MATERIALS PROVIDED -

::::::

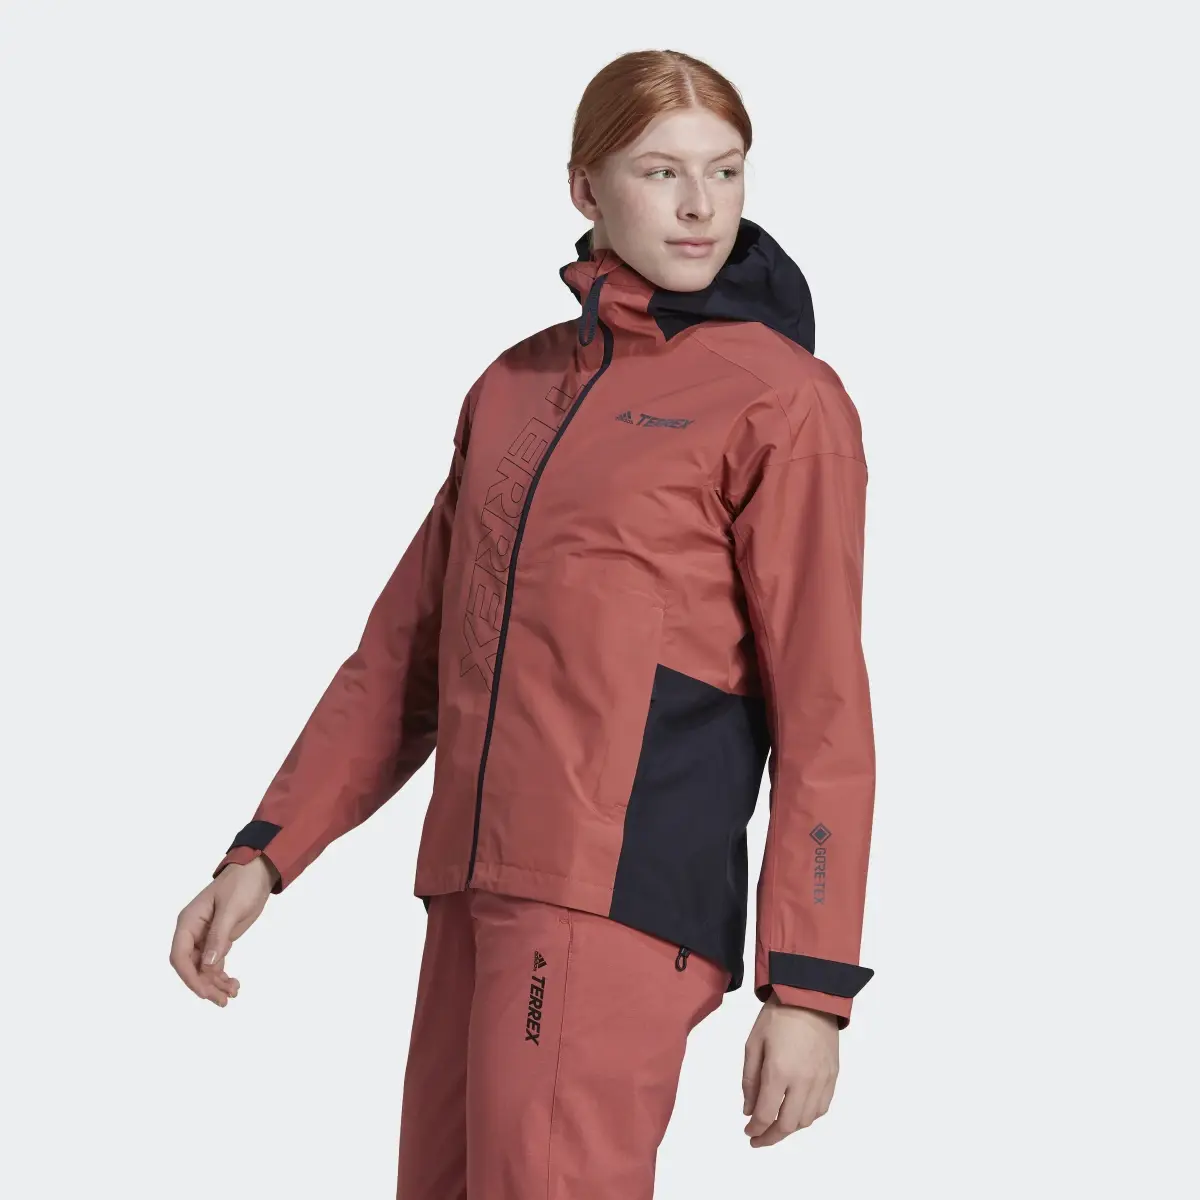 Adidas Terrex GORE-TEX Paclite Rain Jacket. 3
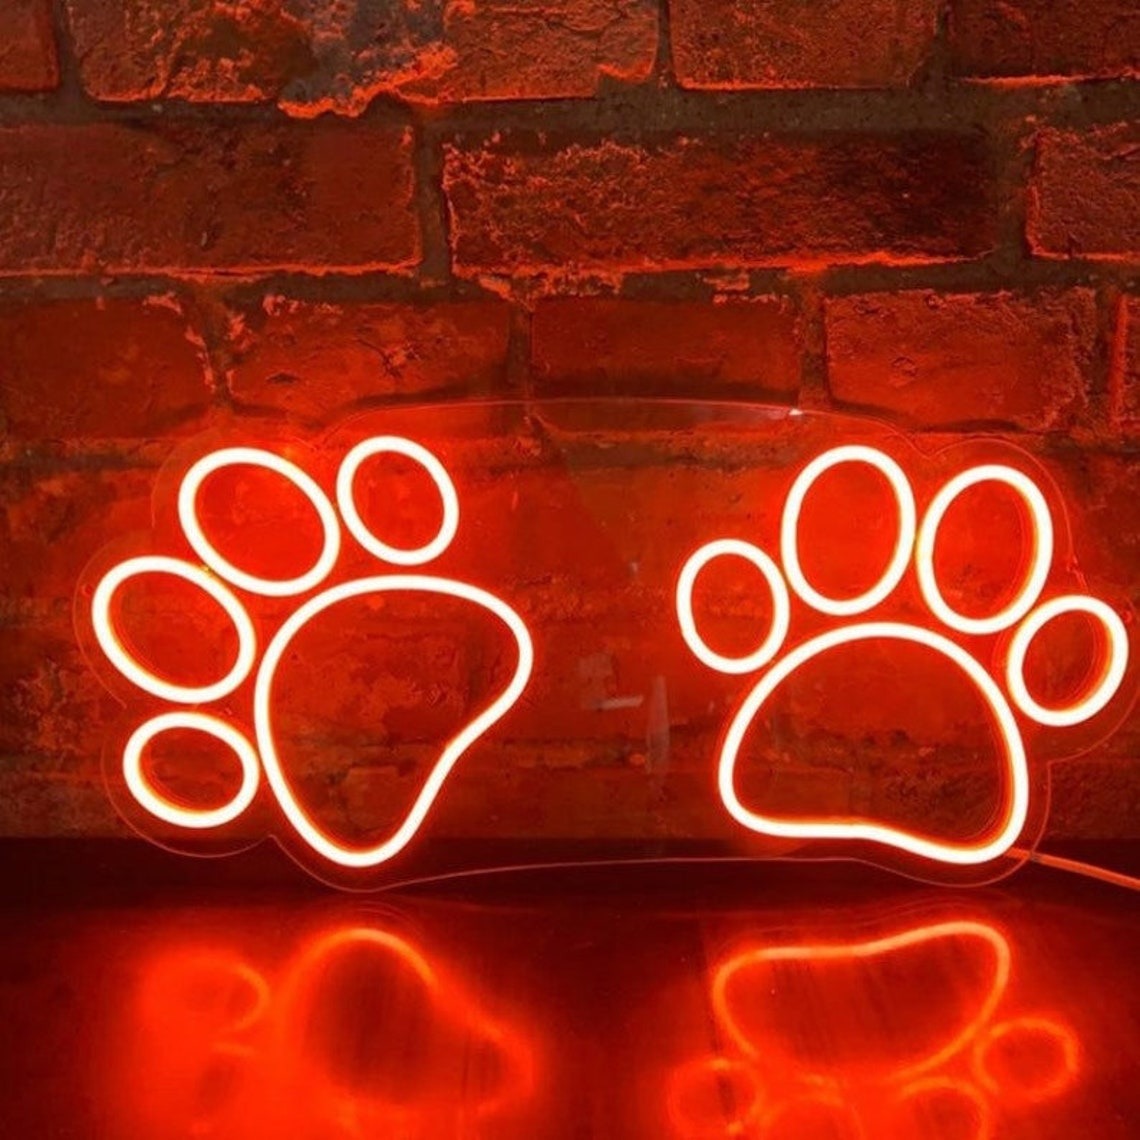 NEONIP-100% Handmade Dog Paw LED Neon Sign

::::::

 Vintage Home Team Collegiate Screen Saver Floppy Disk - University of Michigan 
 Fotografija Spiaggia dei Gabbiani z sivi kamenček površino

::::::

In the listing above, find the line containing "Adidas Terrex GORE-TEX" and the line containing "NEONIP-100% Handmade Dog Paw LED Neon Sign". Print those two lines and every line between them exactly, with no pictures.

ANSWER SPACE -
 Adidas Terrex GORE-TEX Paclite Rain Jacket. 3
 NEONIP-100% Handmade Dog Paw LED Neon Sign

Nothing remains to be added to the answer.